She and I are talking in the same group therapy room at C.O.R.E. where Stephanie and I met. Gimblin has a long, blond braid, pulled back perfectly smooth from her temples, like an athlete’s. She plays with the end of it sometimes, when she talks about uncomfortable topics.
She ended up losing the baby. Her boyfriend at the time had become abusive. One night, he demanded the car key and her tip money. When she resisted, he beat her, and she miscarried. It took a lot of therapy for her to learn not to feel guilty about that, to understand that it wasn’t her fault just because she wouldn’t give up the key.
One thing that sticks in her mind is the doctor emphasizing how important it was that she not quit heroin cold turkey.
“He was telling my boyfriend at the time: ‘You need to make sure that she has something every morning and every night,'” she says. “Damned if you do, damned if you don’t.”
Getting Past ‘Abstinence Only’
What about the regions where treatment centers exist, but don’t offer MAT? To learn more about these, in November and December, a fellow reporter and I called all the facilities in California that had indicated that they don’t offer MAT on a voluntary survey they sent to the federal government’s Substance Abuse and Mental Health Services Administration. I talked to whoever picked up the phone at the number listed with SAMHSA. Typically, I spent just a few minutes with each facility, asking if they offer MAT and, if not, why.
Staff at 97 facilities confirmed that they treat people for opioid addictions, but don’t offer MAT on-site. Of those, 30 said they were philosophically opposed to MAT. Very few told me that they had trouble with resources.
“Why don’t you offer MAT on-site? Is there a shortage of doctors there who are licensed to prescribe it?” I asked the Lucerne Community Clinic in the northern county of Lake. Lake has California’s fourth-highest rate of deadly overdoses, and more than one in five residents lives in poverty. I was trying to sound sympathetic.
“Actually, it’s just the opposite,” the woman on the other end of the line replied. There were plenty of doctors around who were able to prescribe buprenorphine, she said. Since the clinic is not licensed to dispense medications, Lucerne referred clients out as needed.
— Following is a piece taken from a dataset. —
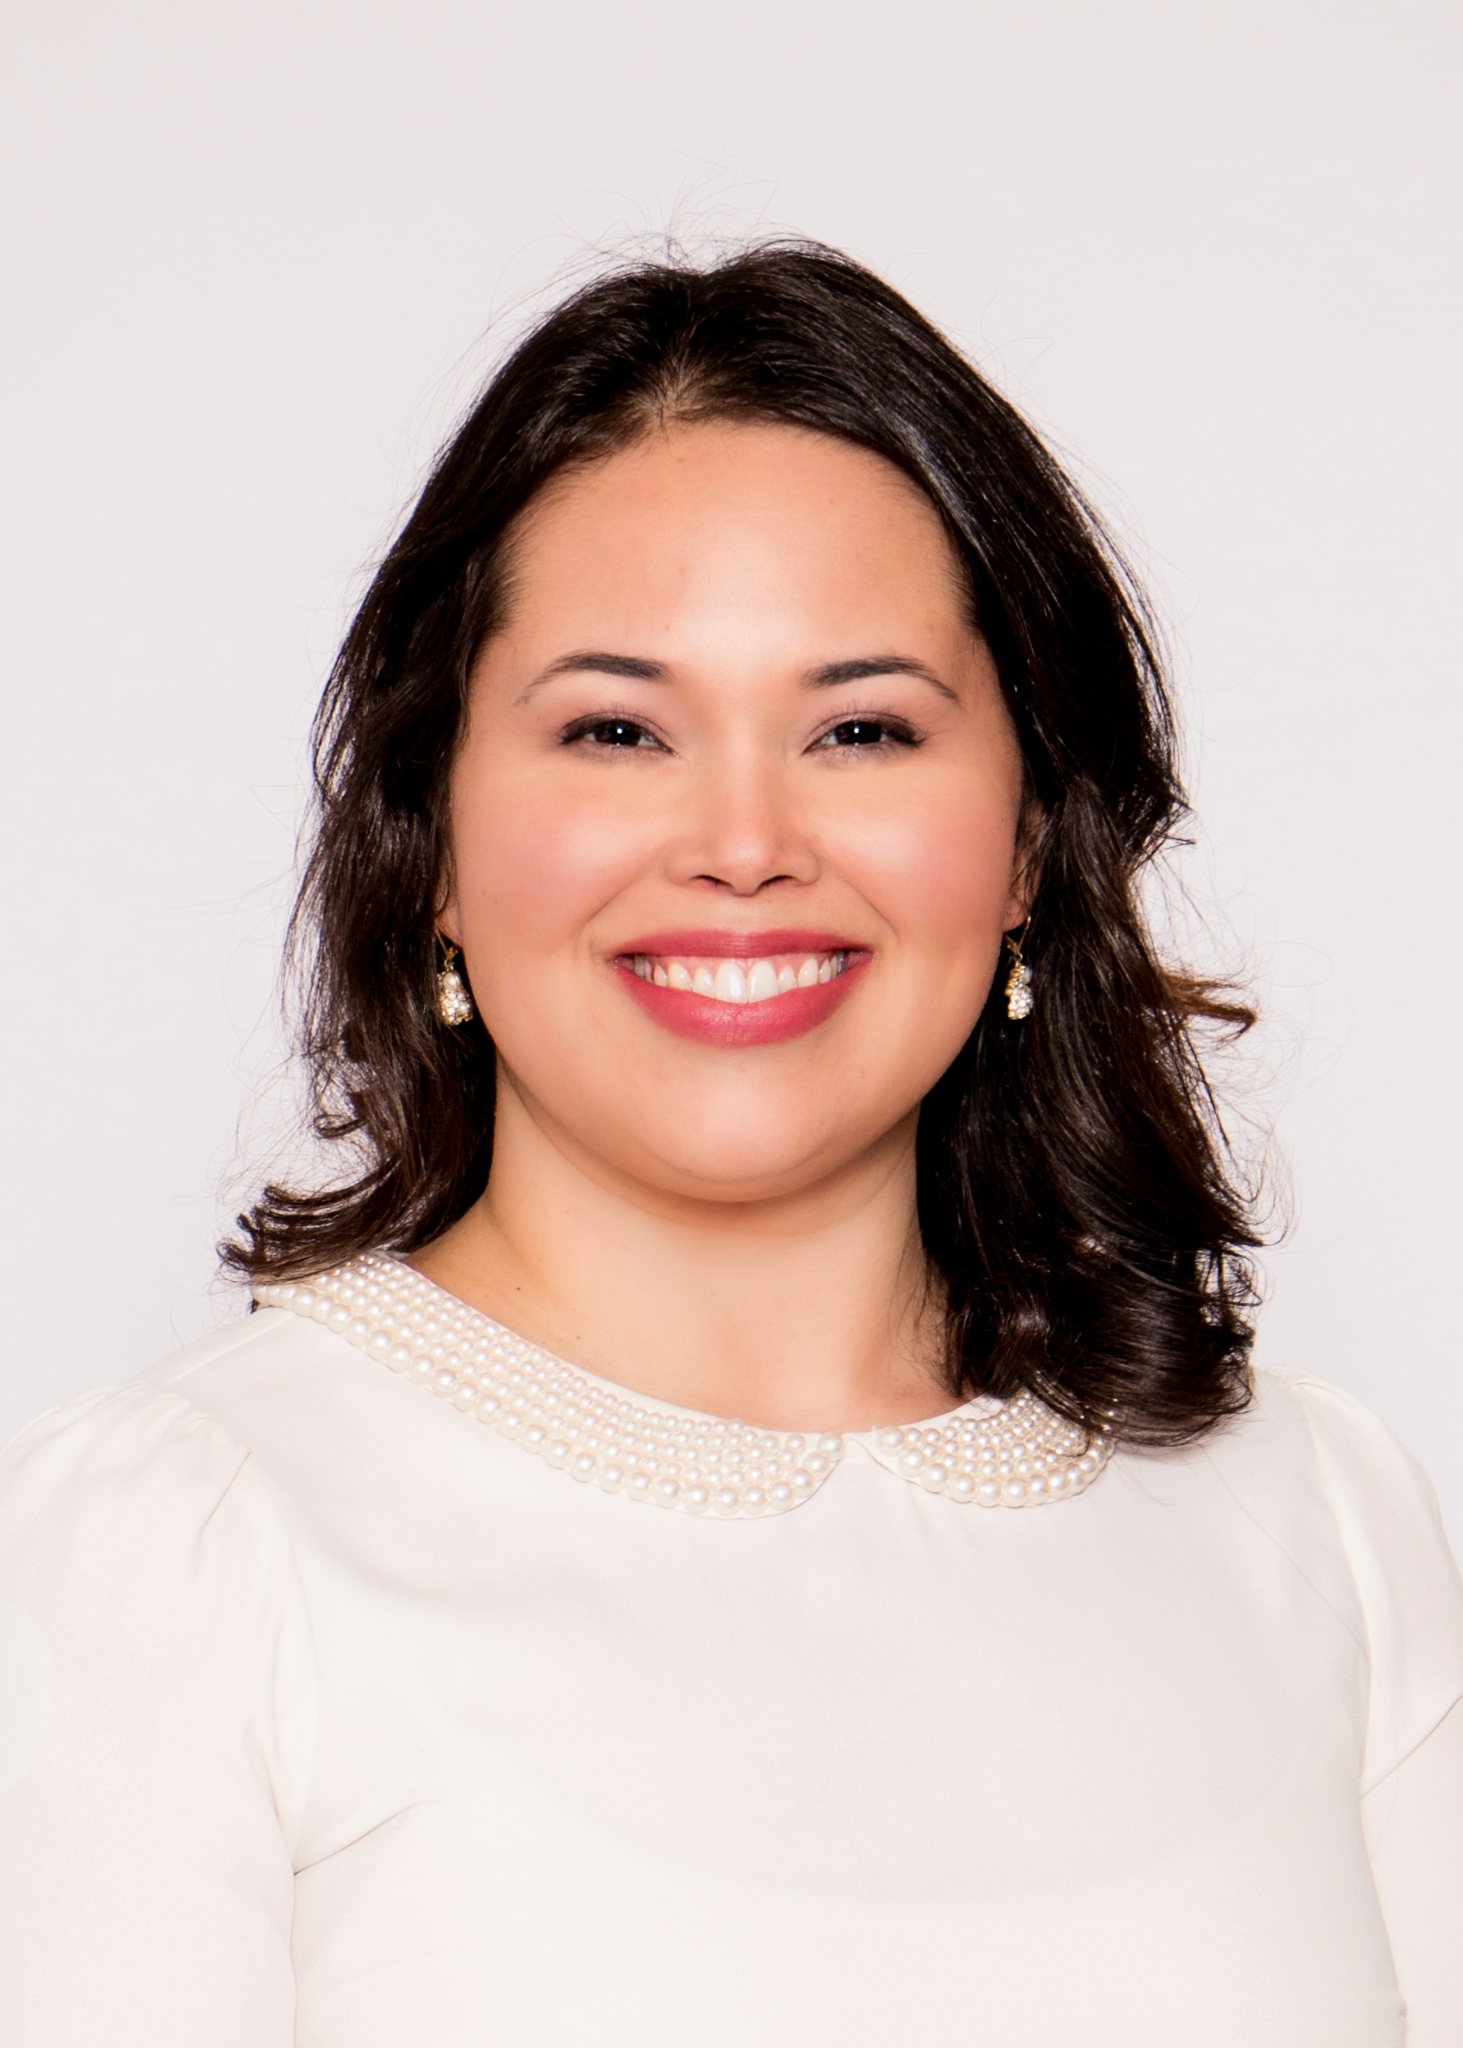 Career educator Michelle Seijas, EdD, will lead Surge Oakland in the mission to educate and develop leaders of color who create transformative change in urban education.

In America’s most populous state, having a few shy of 100 opioid-treatment facilities that don’t offer MAT might not sound so bad. But the problem could be much more widespread.
Many treatment centers don’t send their stats to SAMHSA. For example, California’s Department of Health Care Services lists 1,889 licensed residential facilities and certified alcohol and drug programs. SAMHSA, meanwhile, only has information on 1,183 “substance abuse” facilities for the entire state.
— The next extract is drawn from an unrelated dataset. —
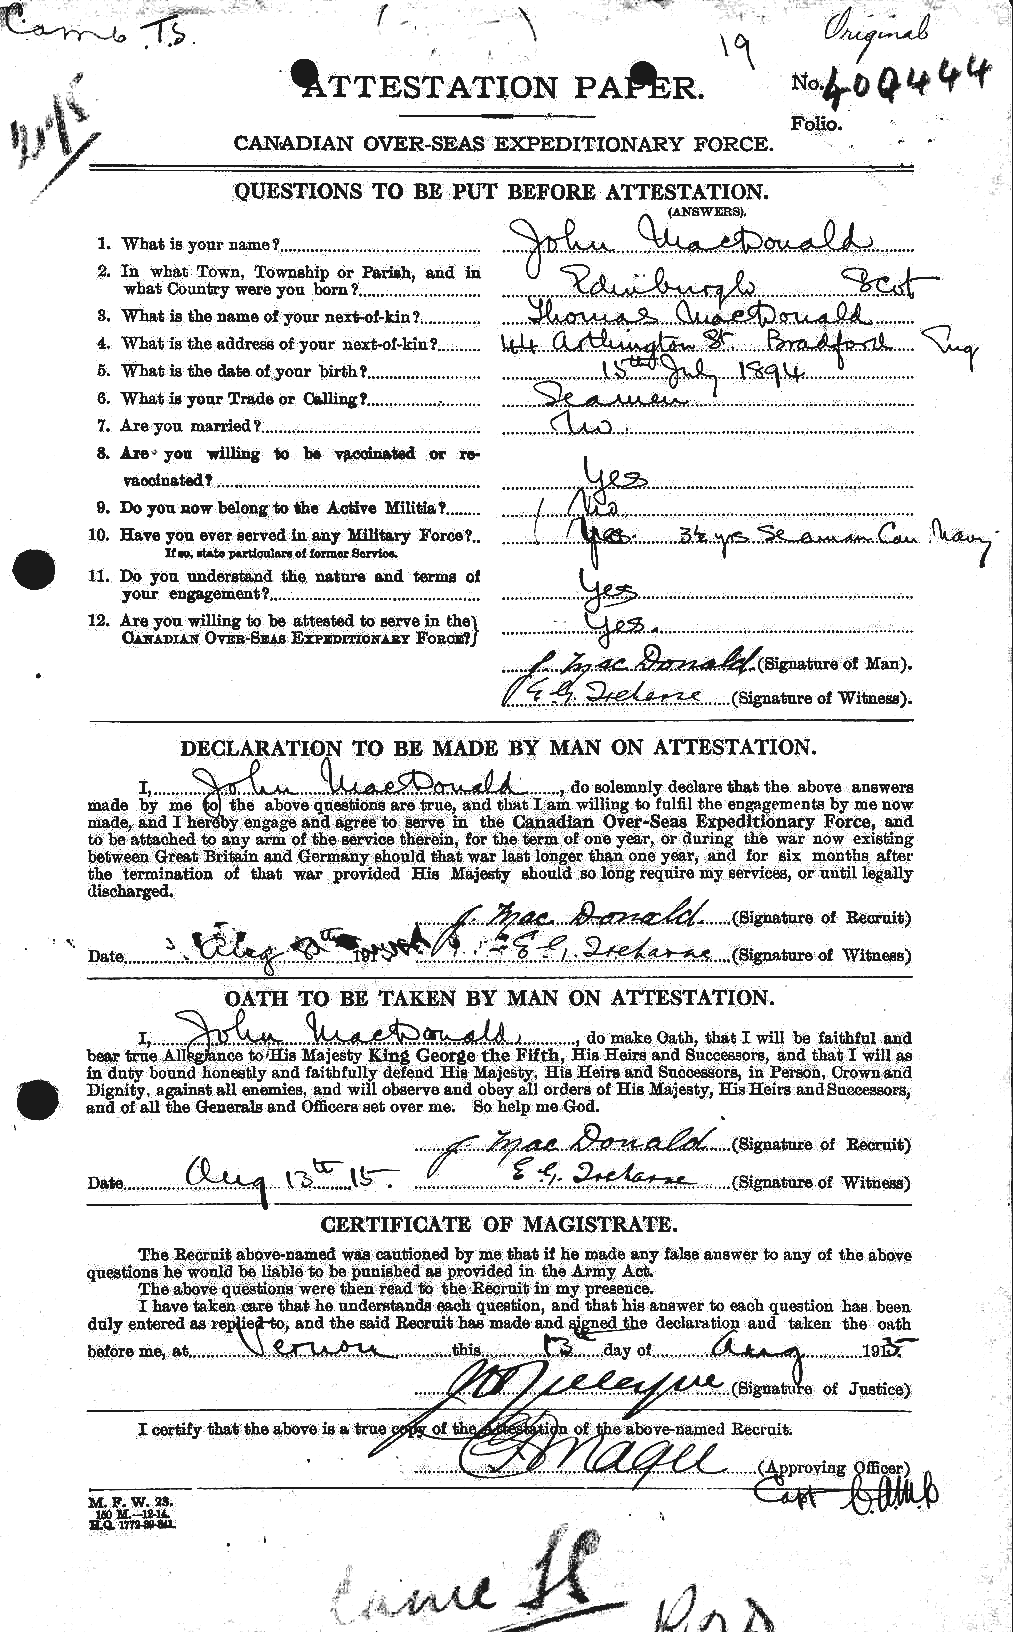 Personnel Records of the First World War - CEF 532262a

California has among the highest proportion of facilities that say they treat opioid addiction without MAT, according to the SAMHSA data I analyzed. About 15 percent of SAMHSA-listed, opioid addiction-treating California facilities say they don’t offer MAT. The national average is 12 percent, and, in nine states, that number is less than 5 percent.
In addition, while we don’t have a SAMHSA checkbox asking whether these centers offer MAT, we do have some other, suggestive information about the hundreds of California addiction treatment facilities that aren’t listed in SAMHSA. The state Department of Health Care Services records whether facilities in California are licensed to provide “incidental medical services.” Facilities that aren’t licensed for incidental medical services can’t prescribe or dispense MAT medications, although if a resident comes to them with take-home doses, the facility can store those in a locked safe.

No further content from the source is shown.